In order to be a surrogate in New York, a woman must:
- Be at least 21 years old
- Not be the biological mother of the child
- Complete a medical evaluation
- Undergo independent legal counsel
- Have insurance that covers the pregnancy (it may be purchased by the intended parents)
Intended parents in New York must:
- Undergo independent legal counsel
- Both be parties to the agreement (if in a couple relationship)
If these requirements are met, the surrogate attorneys will negotiate an agreement that addresses at least the following:
- The rights and responsibilities of each party
- Any potential risks and liabilities, and the steps to take should they occur
- Surrogate compensation and other financial information, like surrogacy insurance
- Agreements on sensitive issues like selective reduction and termination
- Contact expectations
- And more
Once the contract is signed by parties and executed, the medical process of surrogacy can begin. To read the full description of standards, click here.
Determining Legal Parentage in New York
The Child-Parent Security Act allows for pre-birth parentage orders but these orders will not be effective until birth and can only be issued if the intended parent or surrogate has been a resident of New York for at least six months . The Act requires that a copy of the parentage judgement be released to the Department of Health upon the birth of the child to ensure an accurate birth certificate, listing the intended parents as the parents of the child.
Same-Sex Surrogacy in New York
Q: Is Same-Sex Surrogacy Legal in New York?

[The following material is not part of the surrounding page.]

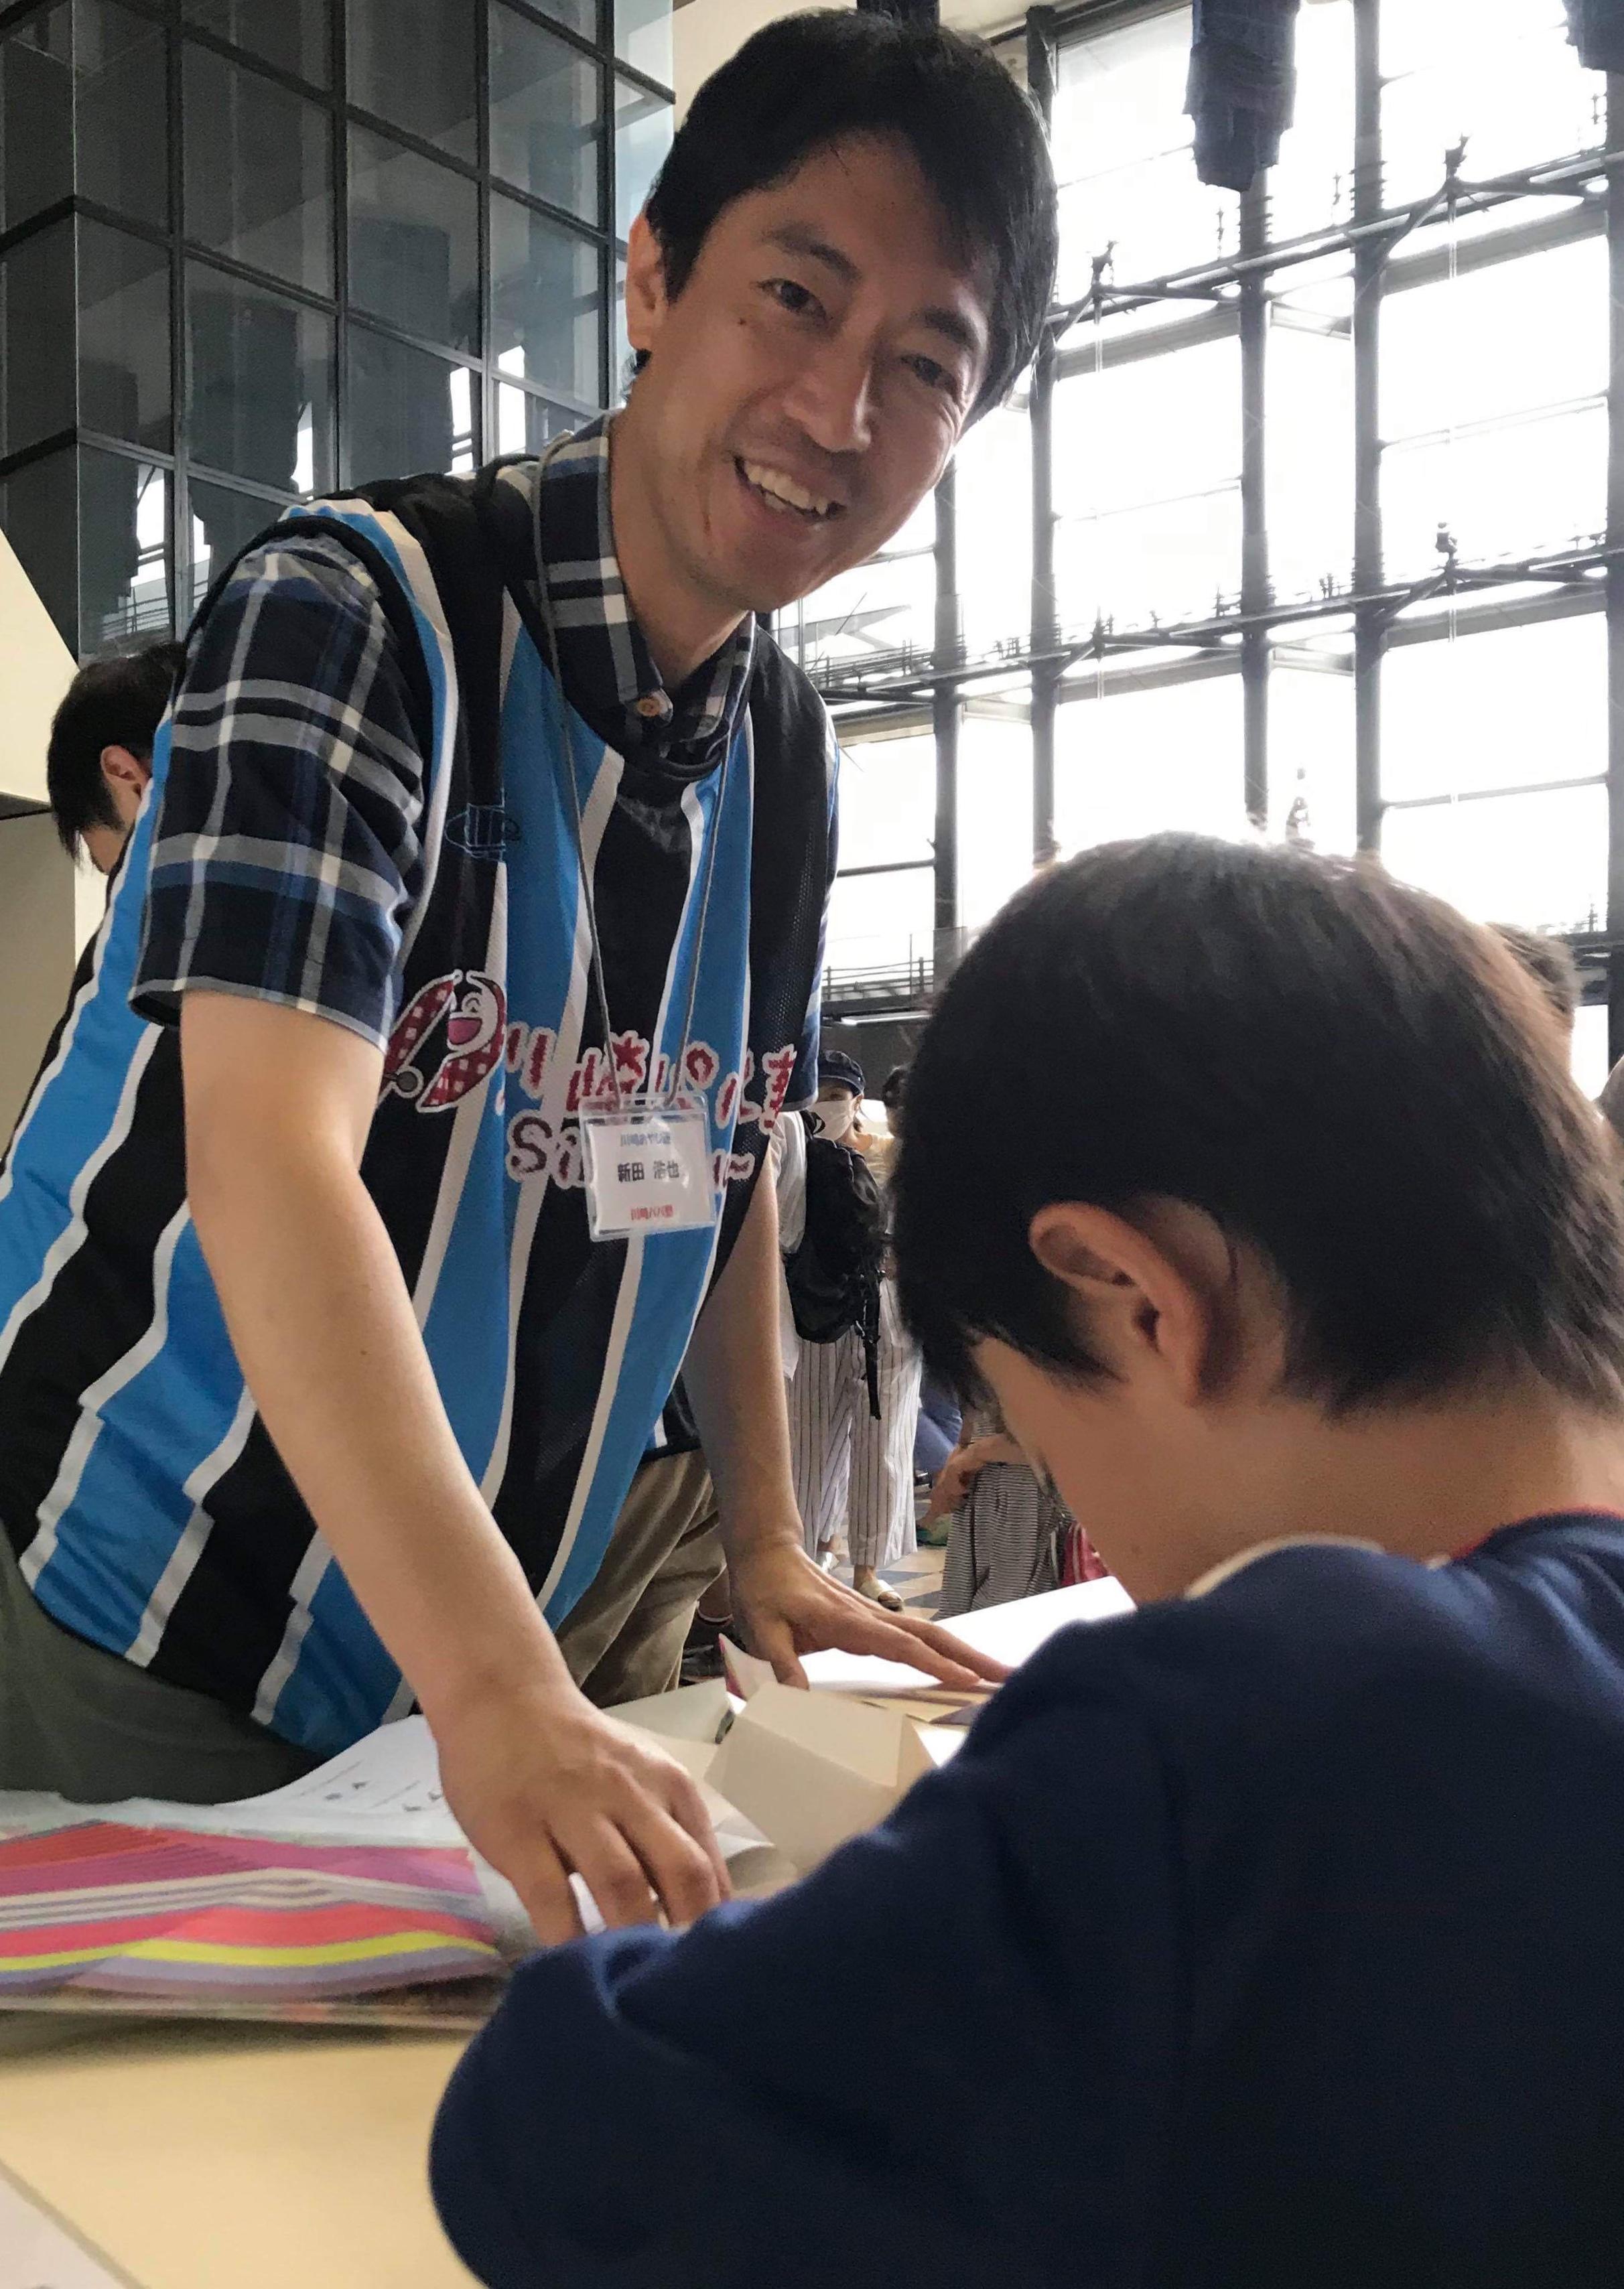 川崎おやじ連主催のおやじdeミュージアム。とてもハードルの低い地域参加でした。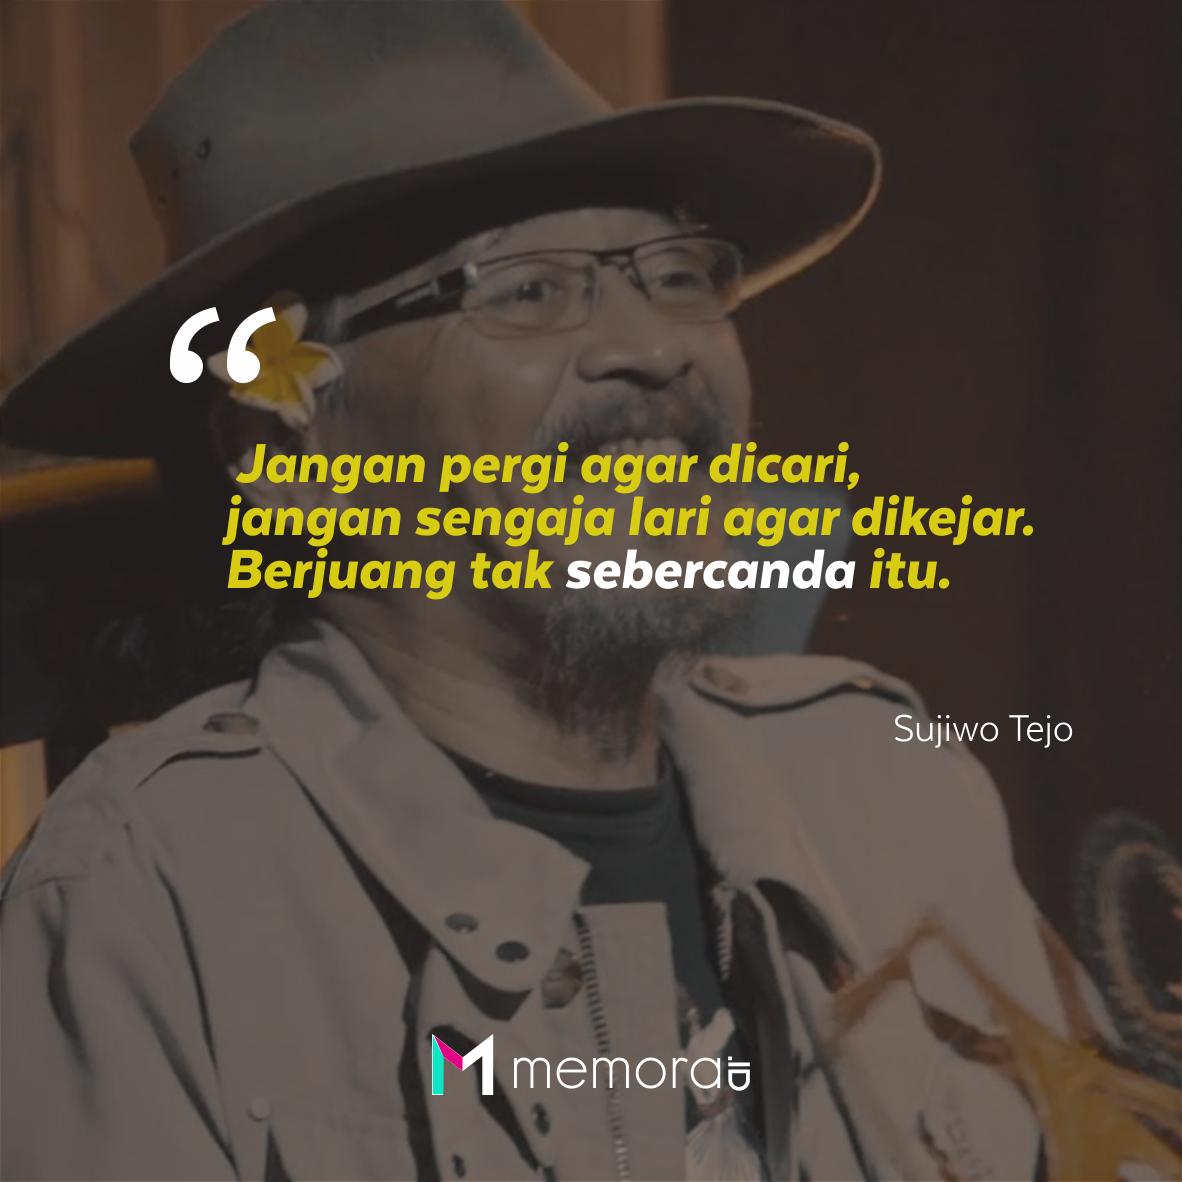 40 Kata Kata Bijak Sujiwo Tejo Merasuk Perasaan Memorable With Us

A: Yes. However, the surrogacy laws in New York affecting same-sex couples may vary based on judge and jurisdiction. Because of this, it is important for same-sex couples and intended parents to work with an experienced New York surrogacy attorney to successfully guide them in their journey.
Q: Are There any Additional Laws Impacting Same-Sex Parenting in New York?
A: As mentioned above, surrogacy laws in New York affecting same-sex couples may vary based on judge and jurisdiction so it is important to work closely with an experienced New York surrogacy attorney.
Q: Are Surrogacy Contracts (Whether Compensated or Altruistic) Enforceable in New York?
A: Yes. All gestational surrogacy contracts in New York (compensated or altruistic) are legally binding and enforceable in court, as long as they meet the requirements described above.
Q: Are There Any Particular Laws for Parents Outside the United States Who Complete a Surrogacy in New York?
A: New York's surrogacy laws apply only to lawful residents and citizens of New York. As a result, international intended parents cannot complete a surrogacy in New York.
Q: When do Intended Parents Need to Complete an Adoption After Birth?
A: Post-birth adoptions are rarely needed because The Child-Parent Security Act allows for intended parents to receive a pre-birth order regardless of their biological connection to the child. However, because individual circumstances may vary, intended parents should always speak with an experienced New York surrogacy attorney to find out what is required in their situation.
Q: Does New York Allow Second-Parent Adoptions? Who Would Need to Complete a Second-Parent Adoption vs. a Stepparent Adoption (If Applicable)?
A: Yes. Second-parent adoptions are legal in New York and provide a way for unmarried intended parents to establish parental rights over their child born via surrogacy. Stepparent adoptions are available to married couples.
Q: What Happens in Cases Where Intended Parents use a Donor Egg, Sperm or Embryo?
A: If intended parents are using anonymously donated gamete(s), the legal steps of terminating the donor’s rights are often already taken care of. However, a known gamete or embryo donor must agree, prior to conception, with the intended parent that the donor has no parental or proprietary interest in the gametes or embryos (the CPSA addresses donors in Sec. 581-302).